*Task objective:* Below are records; reproduce exactly the lines from the one that has "Dampfmaschine Märklin, wohl" through the one that has "Corniche de neige", ends included, and nothing more.

*Entries supplied:*

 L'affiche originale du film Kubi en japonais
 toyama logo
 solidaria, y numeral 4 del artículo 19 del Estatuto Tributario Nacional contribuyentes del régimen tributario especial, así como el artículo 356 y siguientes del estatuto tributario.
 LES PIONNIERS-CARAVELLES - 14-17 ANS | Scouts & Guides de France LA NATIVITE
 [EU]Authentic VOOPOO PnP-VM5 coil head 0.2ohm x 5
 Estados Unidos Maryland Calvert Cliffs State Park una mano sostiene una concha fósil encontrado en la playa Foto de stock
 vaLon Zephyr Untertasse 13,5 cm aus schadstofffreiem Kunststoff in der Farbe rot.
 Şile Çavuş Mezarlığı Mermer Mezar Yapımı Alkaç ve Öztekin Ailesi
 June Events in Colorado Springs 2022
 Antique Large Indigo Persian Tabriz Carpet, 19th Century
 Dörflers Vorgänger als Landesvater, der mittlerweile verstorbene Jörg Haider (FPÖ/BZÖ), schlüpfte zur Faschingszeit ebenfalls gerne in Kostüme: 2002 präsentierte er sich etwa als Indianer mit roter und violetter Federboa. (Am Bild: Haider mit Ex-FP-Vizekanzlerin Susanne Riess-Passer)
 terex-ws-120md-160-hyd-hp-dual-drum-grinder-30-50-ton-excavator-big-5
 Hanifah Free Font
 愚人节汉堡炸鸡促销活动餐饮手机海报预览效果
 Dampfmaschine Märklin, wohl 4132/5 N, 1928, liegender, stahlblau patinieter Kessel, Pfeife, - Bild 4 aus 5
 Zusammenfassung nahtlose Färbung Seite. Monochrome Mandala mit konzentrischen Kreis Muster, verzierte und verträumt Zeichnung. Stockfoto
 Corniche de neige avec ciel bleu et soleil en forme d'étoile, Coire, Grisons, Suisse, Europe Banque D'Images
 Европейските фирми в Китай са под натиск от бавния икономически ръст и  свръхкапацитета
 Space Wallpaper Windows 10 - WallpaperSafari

*Answer to this exercise:*
 Dampfmaschine Märklin, wohl 4132/5 N, 1928, liegender, stahlblau patinieter Kessel, Pfeife, - Bild 4 aus 5
 Zusammenfassung nahtlose Färbung Seite. Monochrome Mandala mit konzentrischen Kreis Muster, verzierte und verträumt Zeichnung. Stockfoto
 Corniche de neige avec ciel bleu et soleil en forme d'étoile, Coire, Grisons, Suisse, Europe Banque D'Images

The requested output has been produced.